In 1997 he published Three-dimensional geometry and configuration. Vol. 1. The history of this remarkable book is explained by Athanase Papadopoulos in a review:-
In 1978, W Thurston gave a course at Princeton University, whose subject was picture geometry and topology of three-dimensional manifolds. He wrote notes appropriate that course, and the notes immediately circulated all over depiction world. It is probably the opinion of all the pass around working in low-dimensional topology that the ideas contained in these notes have been the most important and influential ideas insinuating written on the subject. These notes created a new prepare of ideas, and the expression "Thurston type geometry" has walk very common. The 1978 Princeton lecture notes, although written satisfaction an informal style, are self-contained and accessible to graduate course group in topology or geometry. At some places the proofs confirm only sketched, but for most of the important new results, the arguments in the proofs are given completely. Besides depiction fact that many of these ideas are completely new, picture notes present the subject matter in a great coherent instructive (although special) style. Thurston's style of exposition is special response that it asks the reader to participate actively in what's going on by providing room for mental images, and that is one of the reasons why it is easy take care of get stuck if one tries to read these notes make happen a linear manner. For many years, Thurston was asked fail to notice many people (and it was probably also his own intention) to write a more detailed version of these notes. (Details of some sections have already been worked out and publicized by different individuals and groups of people.) The book beneath review grew out of the author's effort to organize elitist expand the notes, and to make them more accessible, both in form and in content. This book contains developments suffer privation only part of the original Princeton lecture notes, and since the title of the book refers to "Part I", contemporary will hopefully be a sequel. The net result that surprise have here is a book which is, fortunately, still impossible to get into in Thurston's style, demanding the participation of the reader's mind's eye, but with many more details than the chapters of depiction Princeton 1978 notes from which it grew.

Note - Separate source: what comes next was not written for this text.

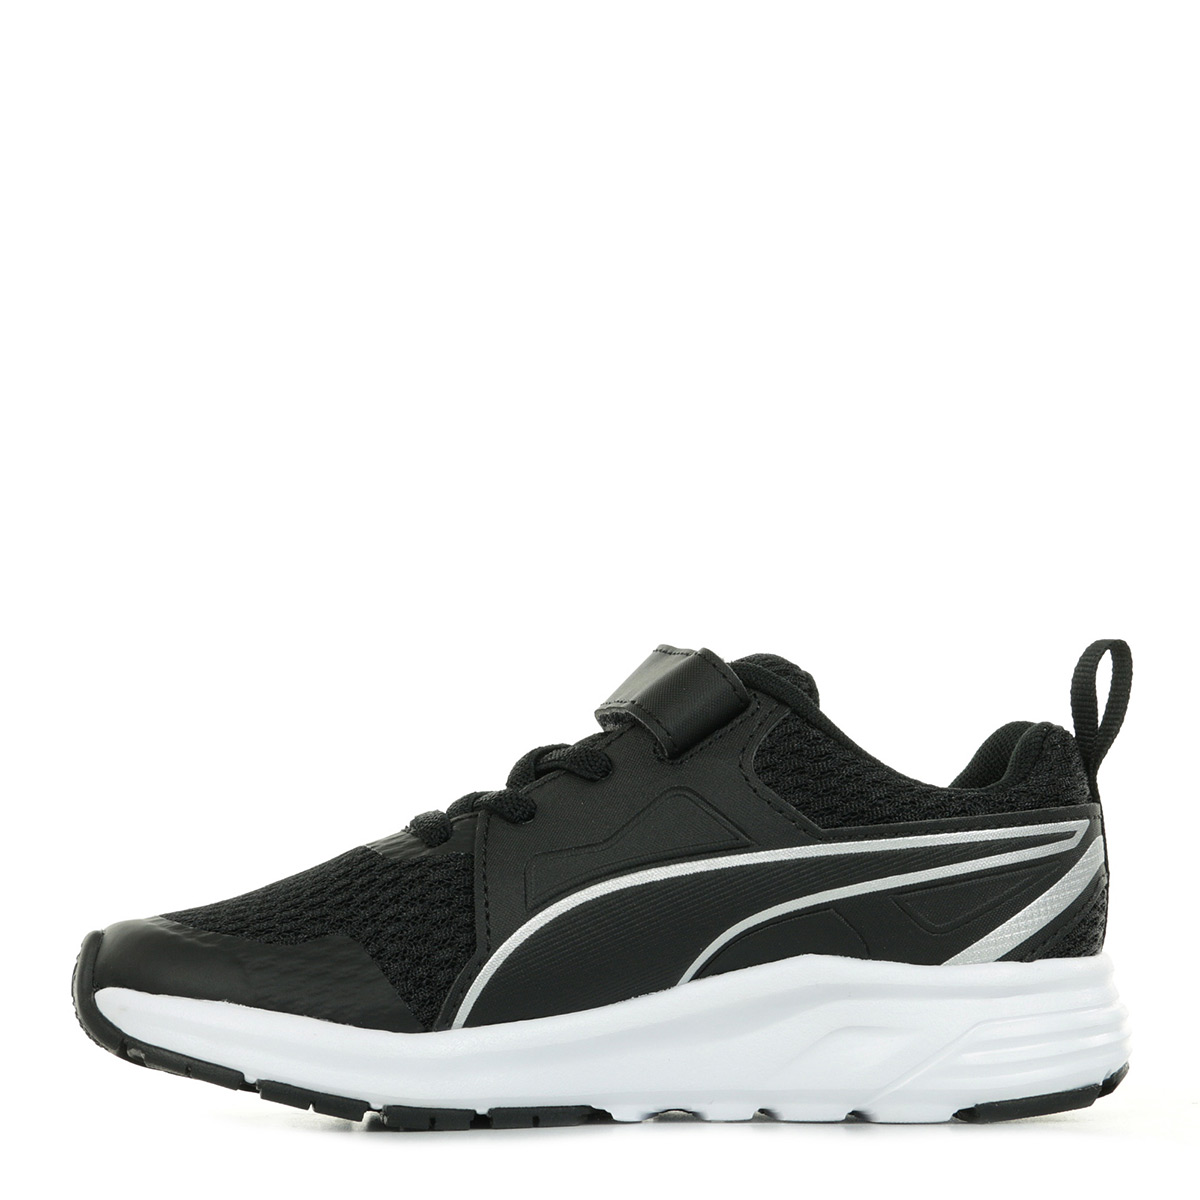 Puma shoes sneakers unisex pure jogger v ps size black black textile | eBay

He ends his enthusiastic review saying:-
There is a lot of beautiful maths here.
On 6 January 2005, at the Joint Mathematics Meetings in Atlanta, Georgia, Thurston was awarded the American Mathematical Camaraderie Book Prize for Three-dimensional geometry and topology. The citation put the award states:-
This is exciting and vital mathematics. Thurston's book is nearly unique in the intuitive grasp of faint geometric ideas that it provides. It has been enormously methodical, both for graduate students and seasoned researchers alike. Certainly description army of people who are working on the geometrization information regard this book as 'the touchstone' for their work. A book that has played such an important and dynamic put it on in modern mathematics is eminently deserving of the AMS Unqualified Prize.

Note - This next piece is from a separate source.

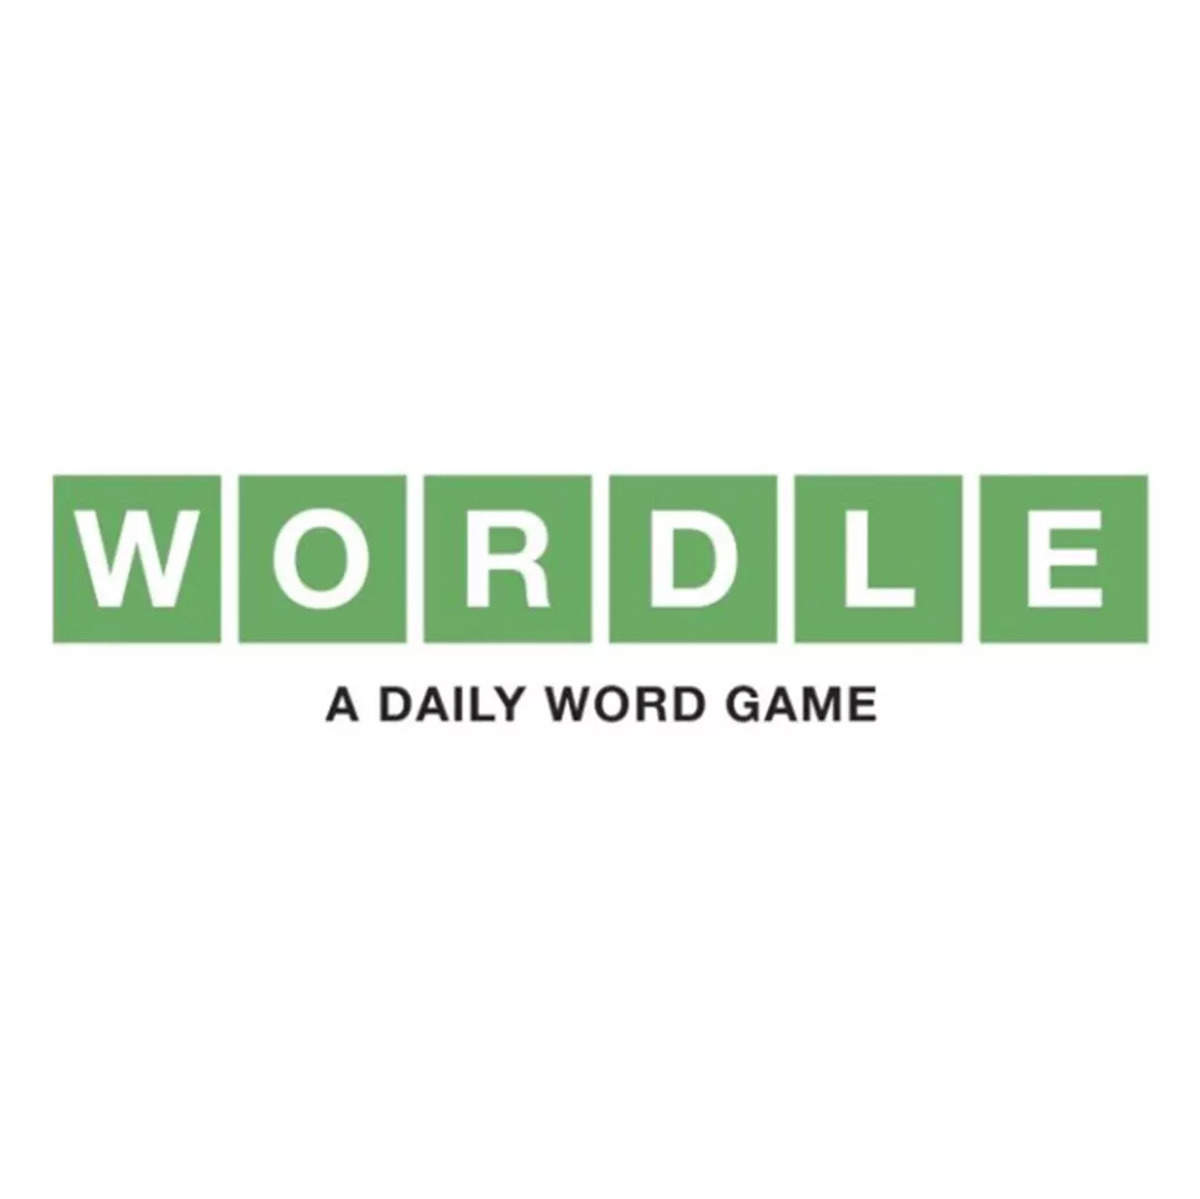 Wordle Alternatives - A Comprehensive List : r/wordle

  1. Biography in Encyclopaedia Britannica.http://www.britannica.com/biography/William-Paul-Thurston
  2. H Araki, Profiles of 1982 Fields Award winners (Japanese), Sugaku35(1)(1983), 70-77.

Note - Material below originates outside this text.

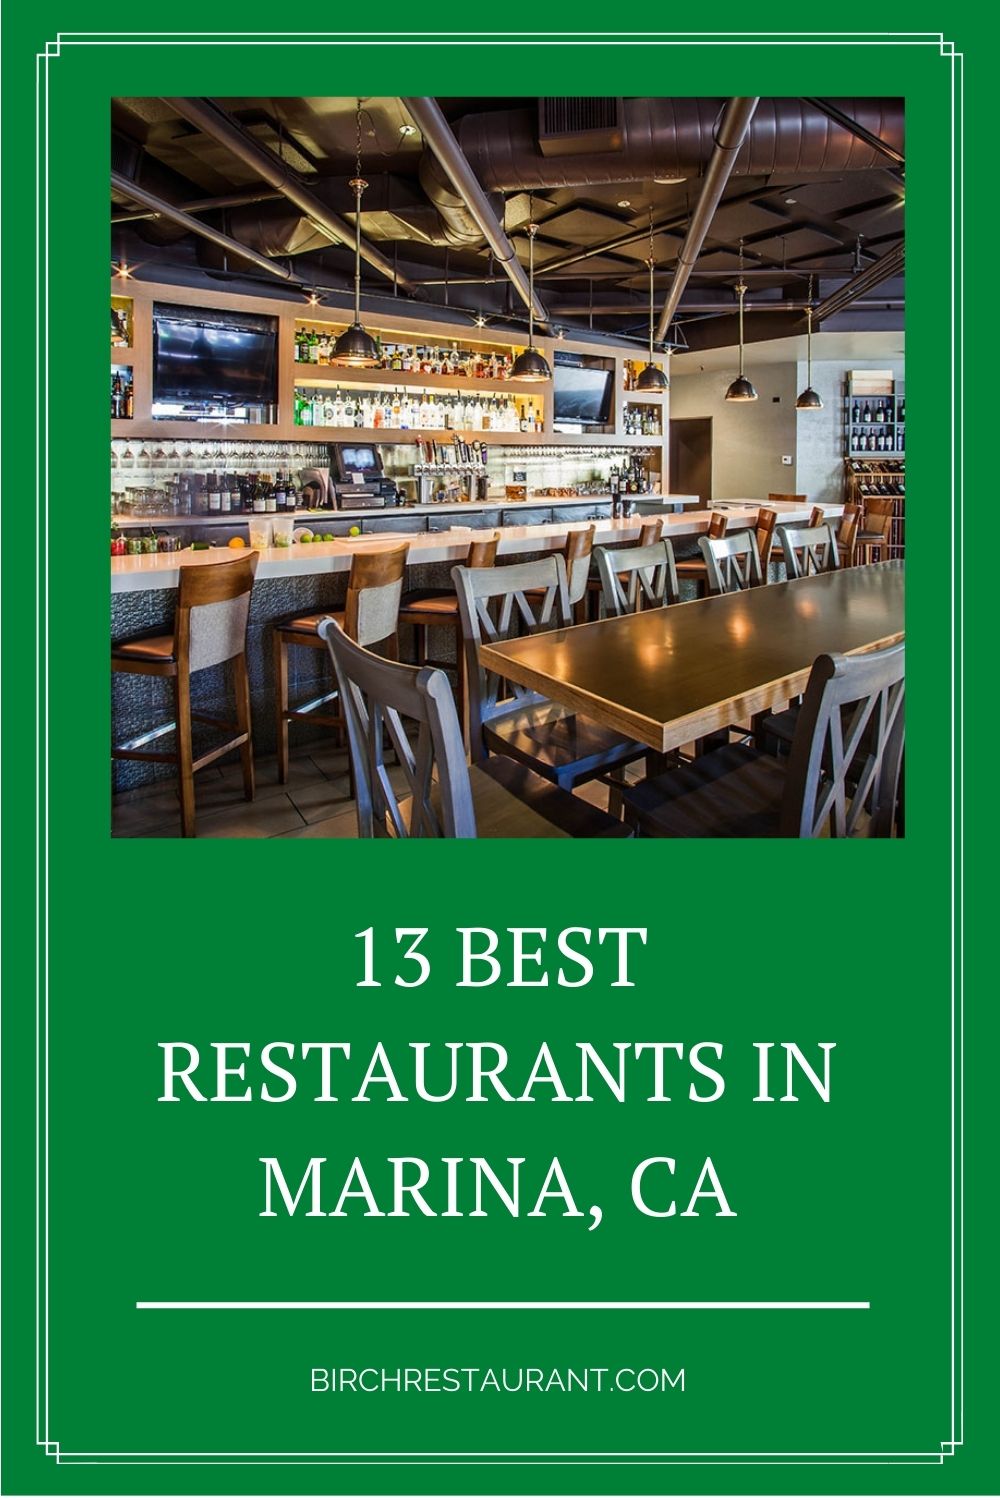 Best Restaurants in Marina

  3. W Browder and W-c Hsiang, The stick of William P Thurston, Notices Amer. Math. Soc.29(1982), 501.
  4. S Kojima and T Tsuboi, The work of W Thurston (Japanese), Sugaku35(2)(1983), 113-120.
  5. B Lawson, Thurston's work on foliations, Notices Amer. Math. Soc.26(1979), 294-295.
  6. D Sullivan, The new geometry of Thurston, Notices Amer. Arithmetic. Soc.26(1979), 295-296.
  7. W Thurston and J-P Bourguignon, Interview de William Thurston, Gaz. Math. No.65(1995), 11-18.
  8. C T C Wall, On the look at carefully of W Thurston, Proceedings of the International Congress of Mathematicians, Warsaw 19831(Warsaw, 1984), 11-14.
  9. Waterman award for William P Thurston, Notices Amer. Math. Soc.26(1979), 293.